The cluster results aligned well with the origin and pedigrees of 10 sugarcane accessions, providing insights into their relationships (Figure 6 and Table 1). For instance, sugarcane accessions from Fujian, Guangxi, and Taiwan clustered according to their breeding regions, while those with common parents clustered together. Additionally, our analysis revealed that S. officinarum shared a closer relationship with cultivated sugarcane compared to S. spontaneum. Interestingly, two cultivated sugarcane lines (Yunrui05-782 and Yunrui05-767) derived from hybrid wild species were distinct from other cultivated sugarcane varieties, highlighting the potential of wild species in expanding the genetic basis of cultivated sugarcane through sexual hybridization. We also explored the distribution of SSRs within the genomes of 10 sugarcane cultivars, observing a relatively high frequency of SSRs, approximately 1/4.43 kb. This frequency is comparable to certain other plant species such as P. violascens (1/4.45 kb), Chinese cabbage (1/4.67 kb), and Wheat (1/5.46 kb) but significantly higher than in Arabidopsis (1/13.83 kb) (Cardle et al., 2000; Peng and Lapitan, 2005; You et al., 2015; Cai et al., 2019). The types of repeat motifs in this study were not uniformly distributed in the sugarcane genome.
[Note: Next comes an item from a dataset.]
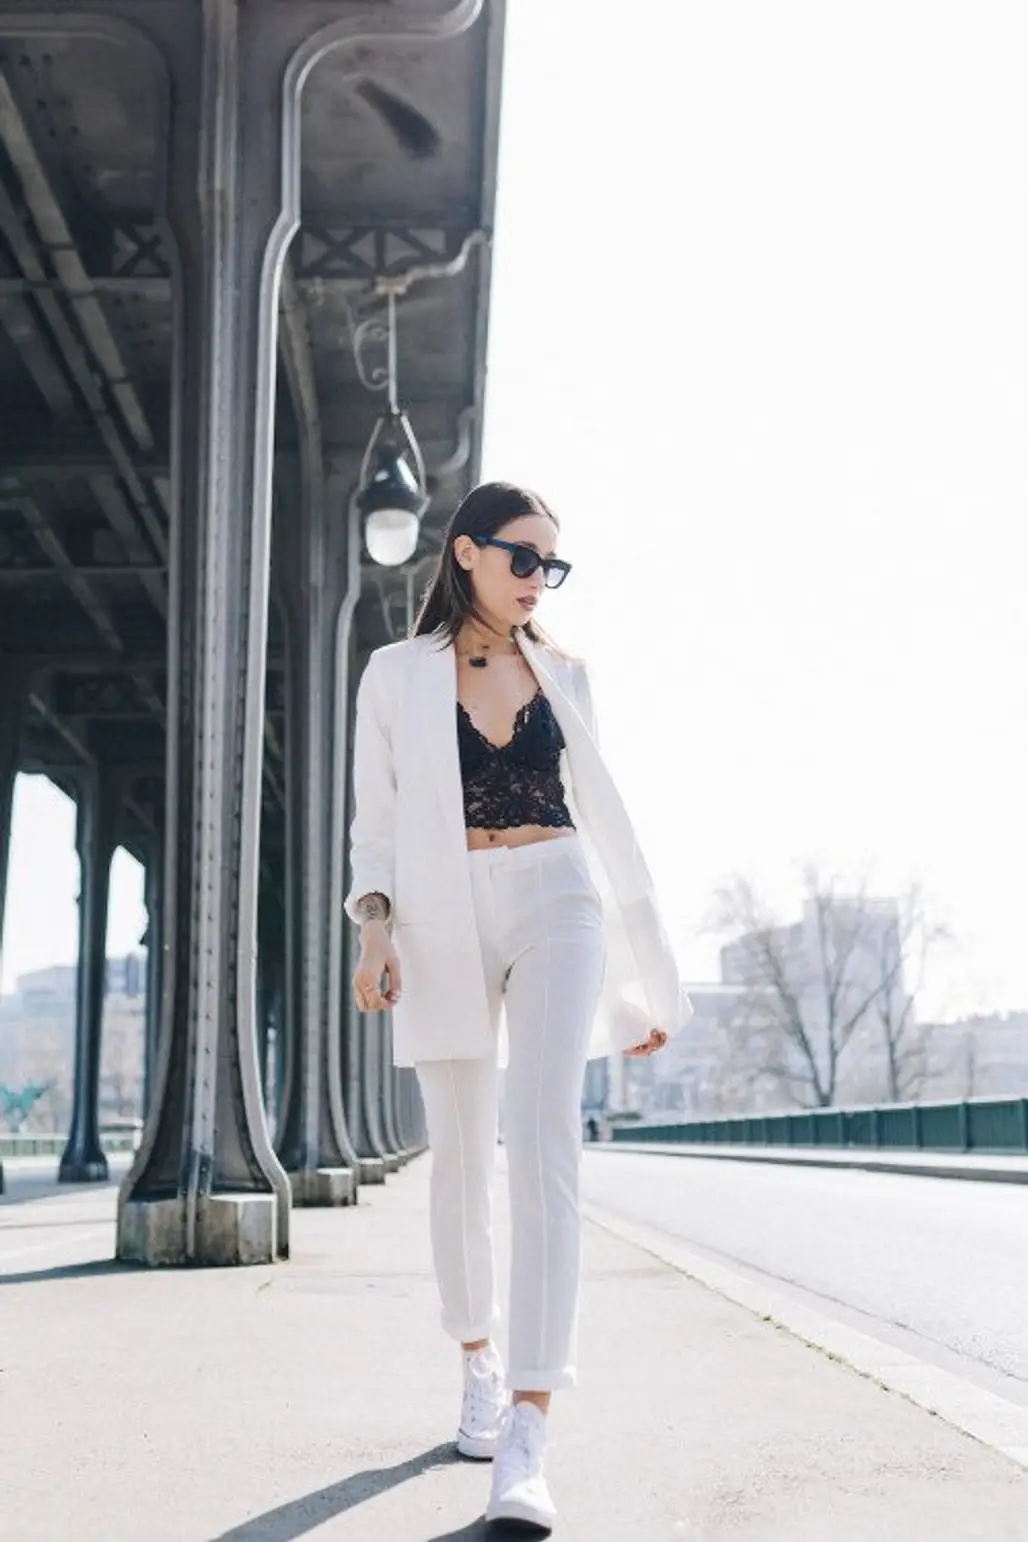 So Chic: Black Crop Top, White Blazer and White Pants

In general, unlike former research studies on sugarcane (Table 4) by Singh et al. (2013); Xiao et al. (2020); Ukoskit et al. (2012), and Ul Haq et al. (2016), we found that the monomeric repeats accounted for the largest proportion, at 44.33% followed by tetrameric and dimeric repeats which were 39.68% and 13.10%, respectively (Table 3). These results are different from Xiao et al. (2020) in which trimeric repeats were most abundant. Dimeric and trimeric repeats were predominant when excluding monomeric repeats. Additionally, we found that the proportion of tetrameric, pentameric, and hexameric repeats was significantly lower than those reported by Xiao et al. [16] and other species (Table 5). Overall, our findings contribute to a deeper understanding of the SSR landscape in sugarcane and its implications for genetic studies and breeding programs.

FIGURE 6

Figure 6 Cluster analysis of Sugarcane accession by SSR markers. The scale at the bottom represents the genetic distance between all the accessions.

TABLE 5

Table 5 Comparison of frequency of microsatellites of different species.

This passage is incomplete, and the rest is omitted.